INSTRUCTIONS FOR THE TASK: In the listing below, find the line with "敬意豊富に文字通り増量中! ヒマラヤ岩塩 ブラックソルト" and copy every line from there up to and including the line with "betrug mit fritzbox", exactly and without pictures.

MATERIAL FOR THE TASK:
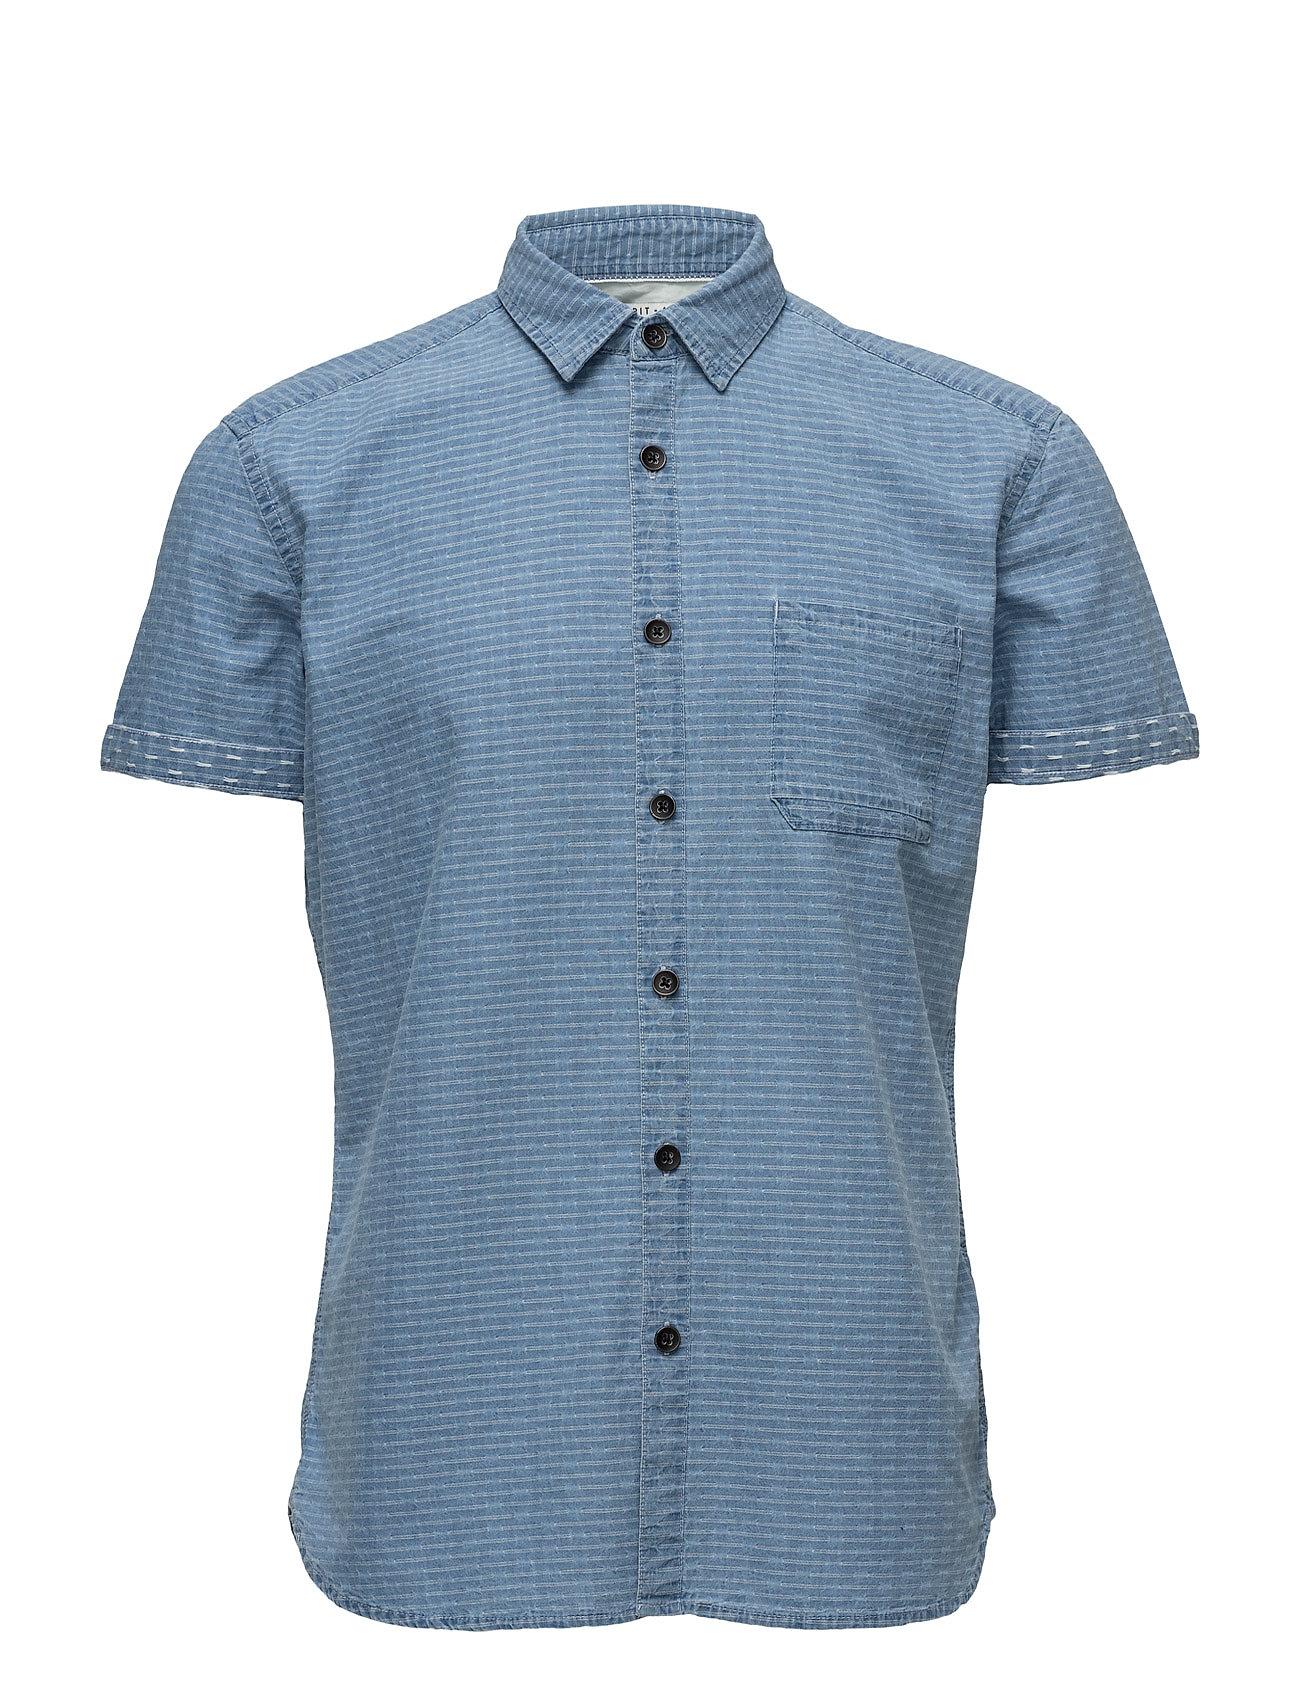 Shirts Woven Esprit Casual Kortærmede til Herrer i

...

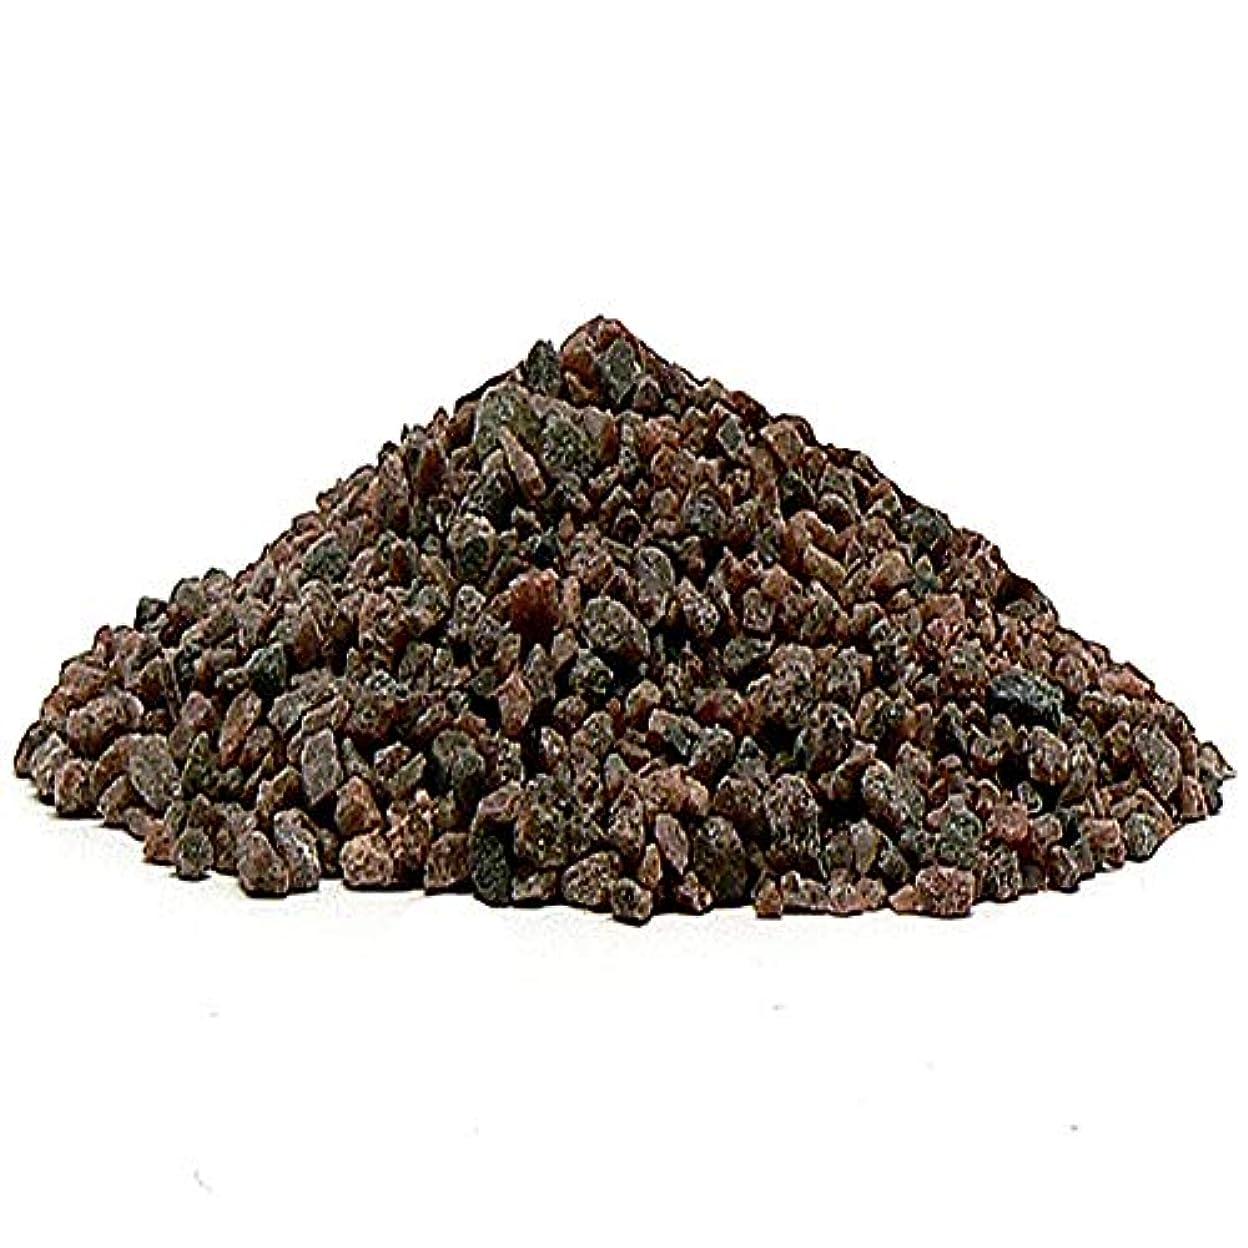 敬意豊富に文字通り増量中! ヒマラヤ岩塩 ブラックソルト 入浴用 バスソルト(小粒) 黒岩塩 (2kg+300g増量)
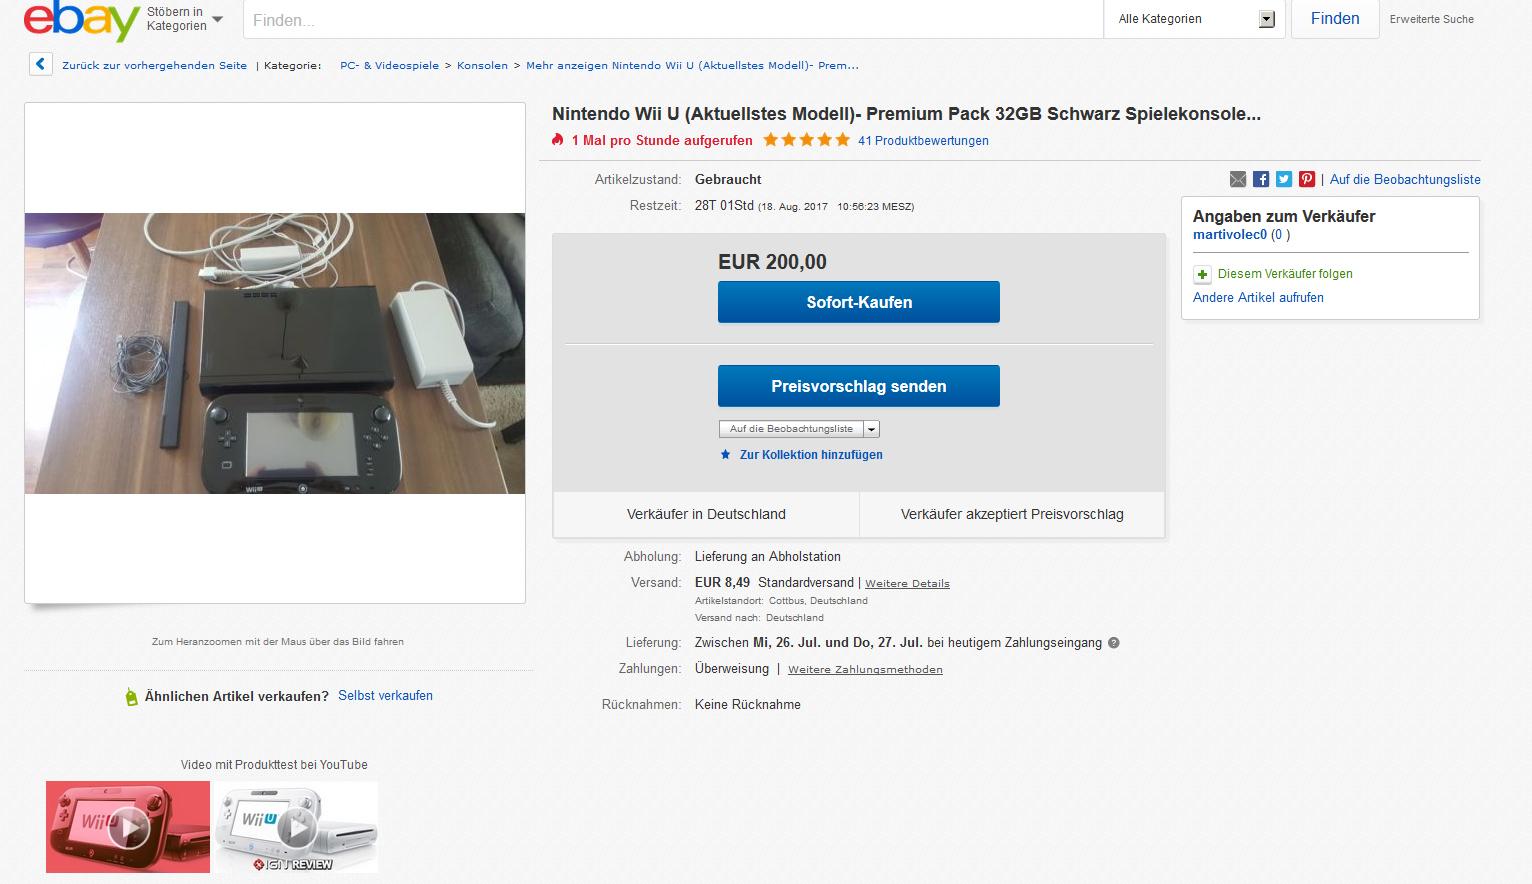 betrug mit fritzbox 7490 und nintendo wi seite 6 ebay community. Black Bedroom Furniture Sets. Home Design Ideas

* * *

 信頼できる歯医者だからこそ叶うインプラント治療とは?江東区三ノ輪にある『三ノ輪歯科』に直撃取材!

RESULT FOR THIS EXERCISE:
 敬意豊富に文字通り増量中! ヒマラヤ岩塩 ブラックソルト 入浴用 バスソルト(小粒) 黒岩塩 (2kg+300g増量)
 betrug mit fritzbox 7490 und nintendo wi seite 6 ebay community. Black Bedroom Furniture Sets. Home Design Ideas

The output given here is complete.